## Problem description
Copy down the listing below exactly. Do not include pictures.

## Recorded information
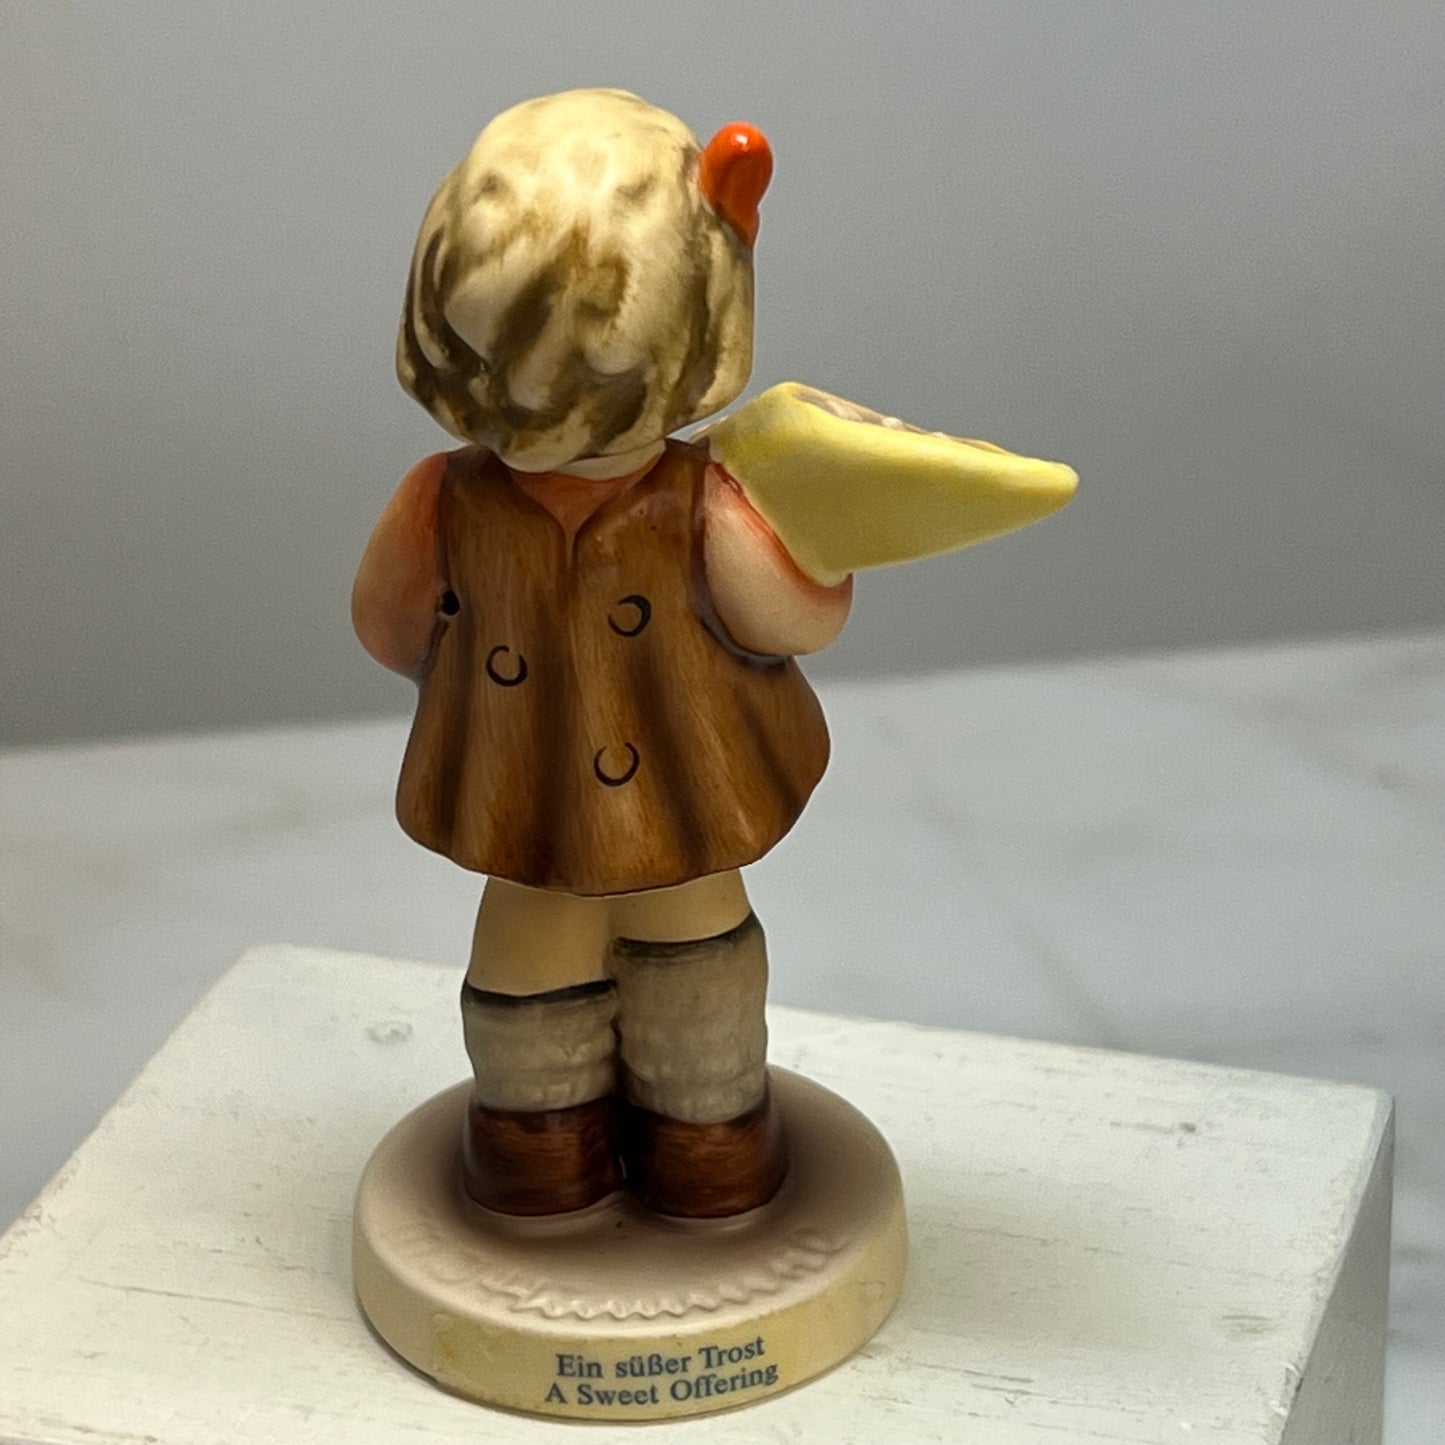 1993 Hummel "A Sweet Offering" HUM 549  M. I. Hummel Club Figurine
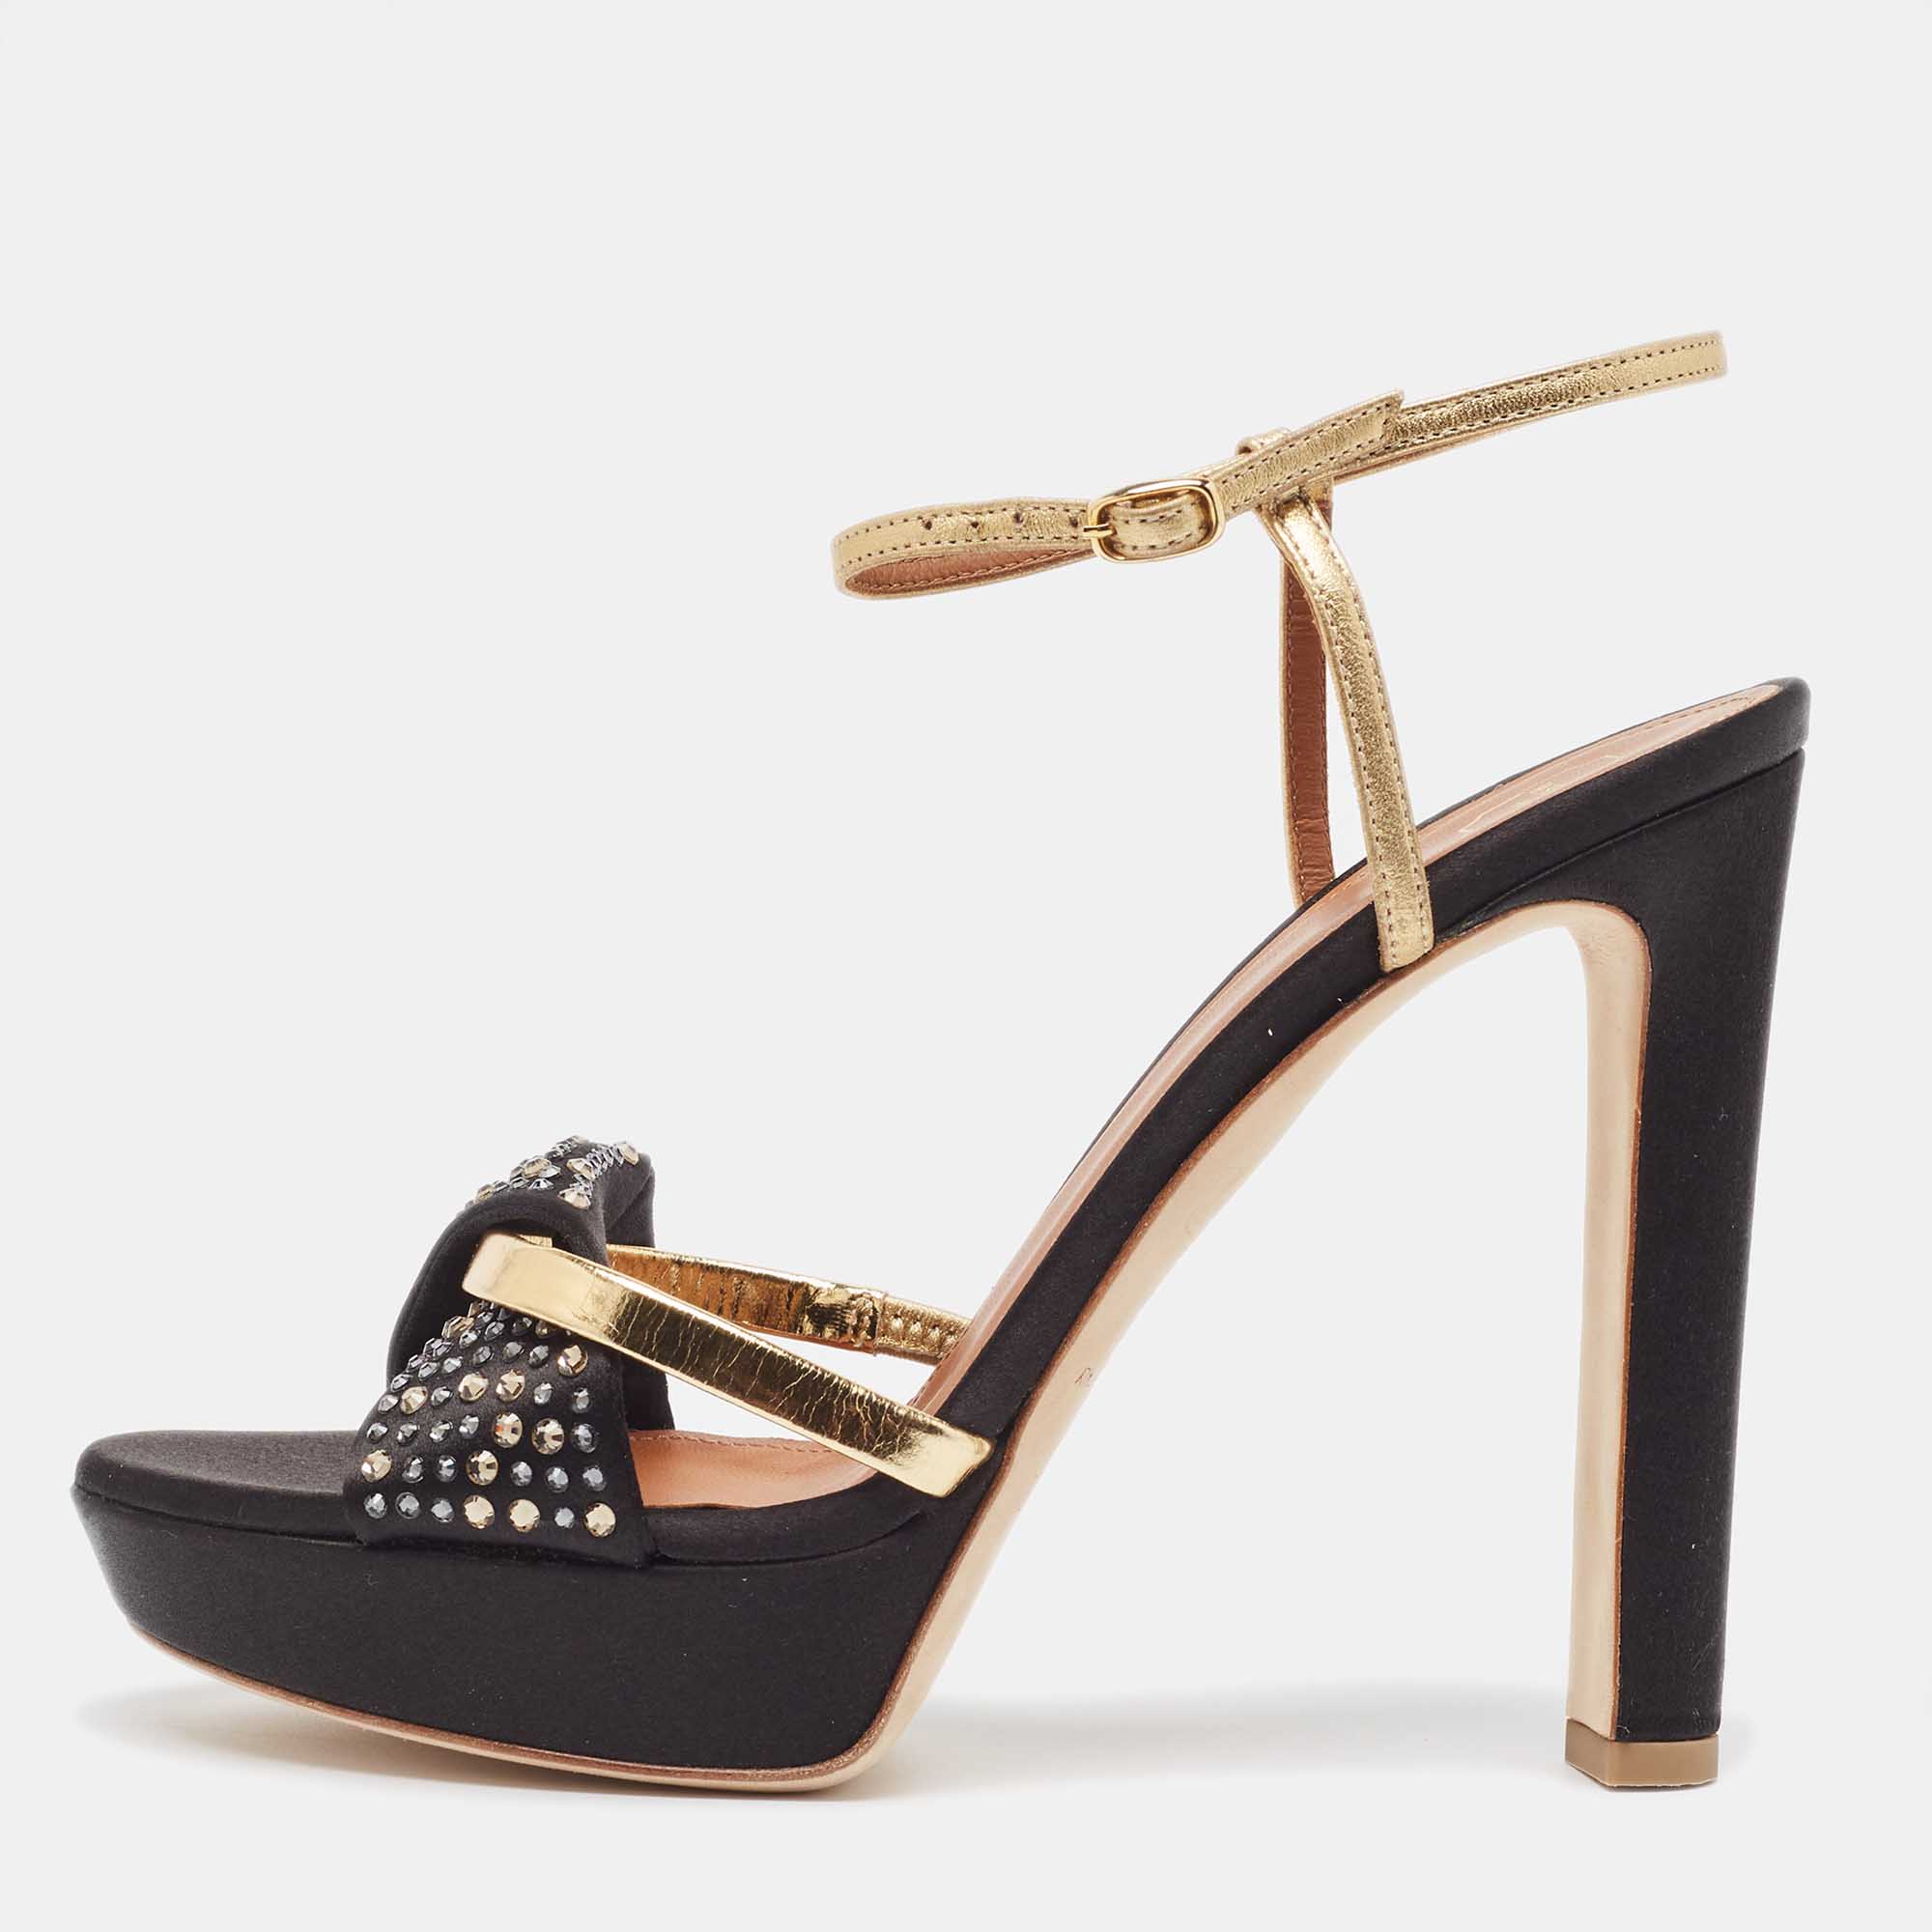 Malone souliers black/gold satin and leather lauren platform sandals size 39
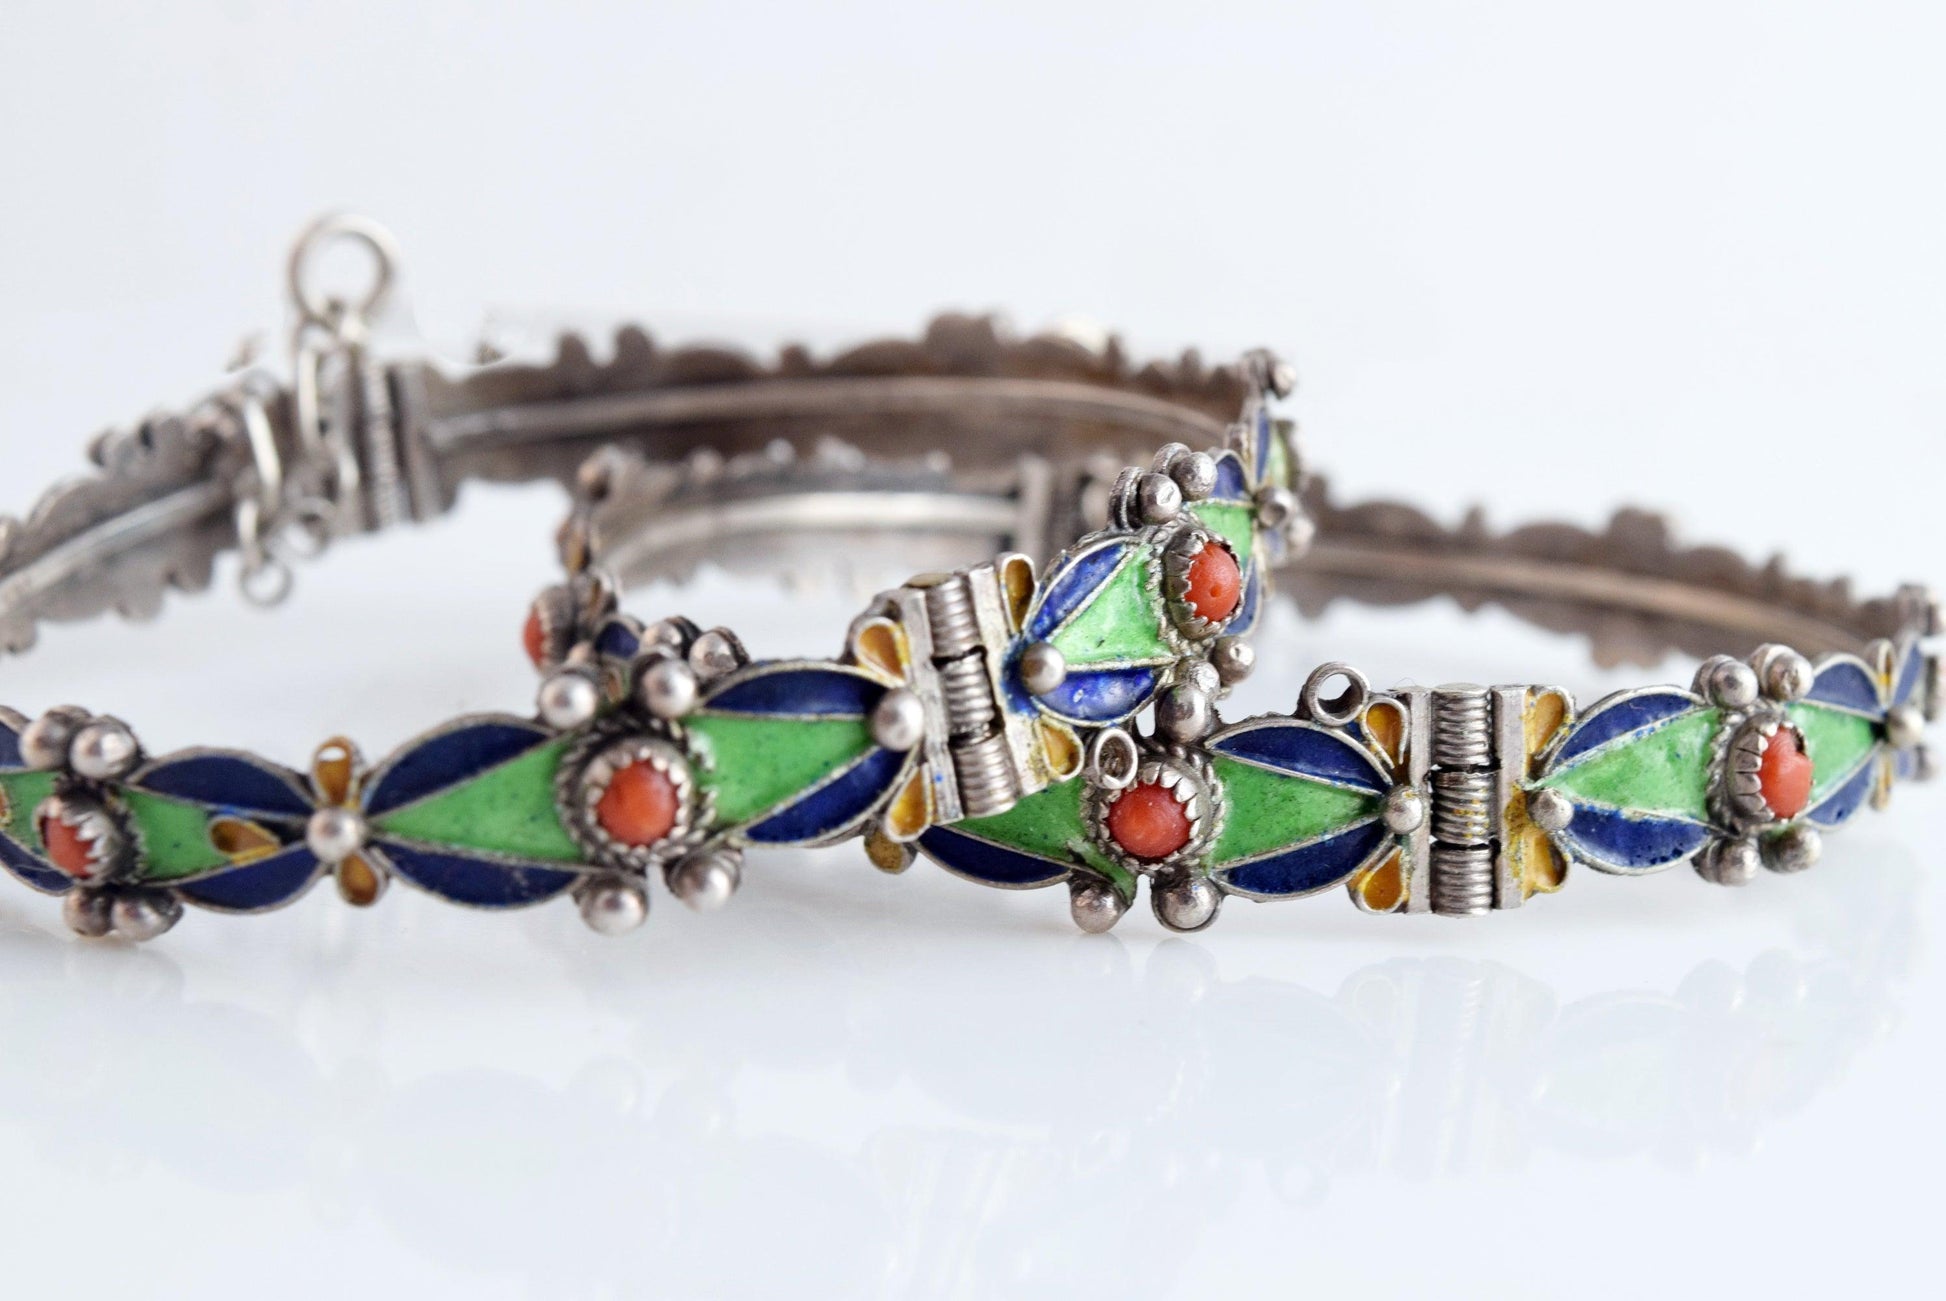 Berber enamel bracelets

## Output of the exercise
 1993 Hummel "A Sweet Offering" HUM 549  M. I. Hummel Club Figurine
 Malone souliers black/gold satin and leather lauren platform sandals size 39
 Berber enamel bracelets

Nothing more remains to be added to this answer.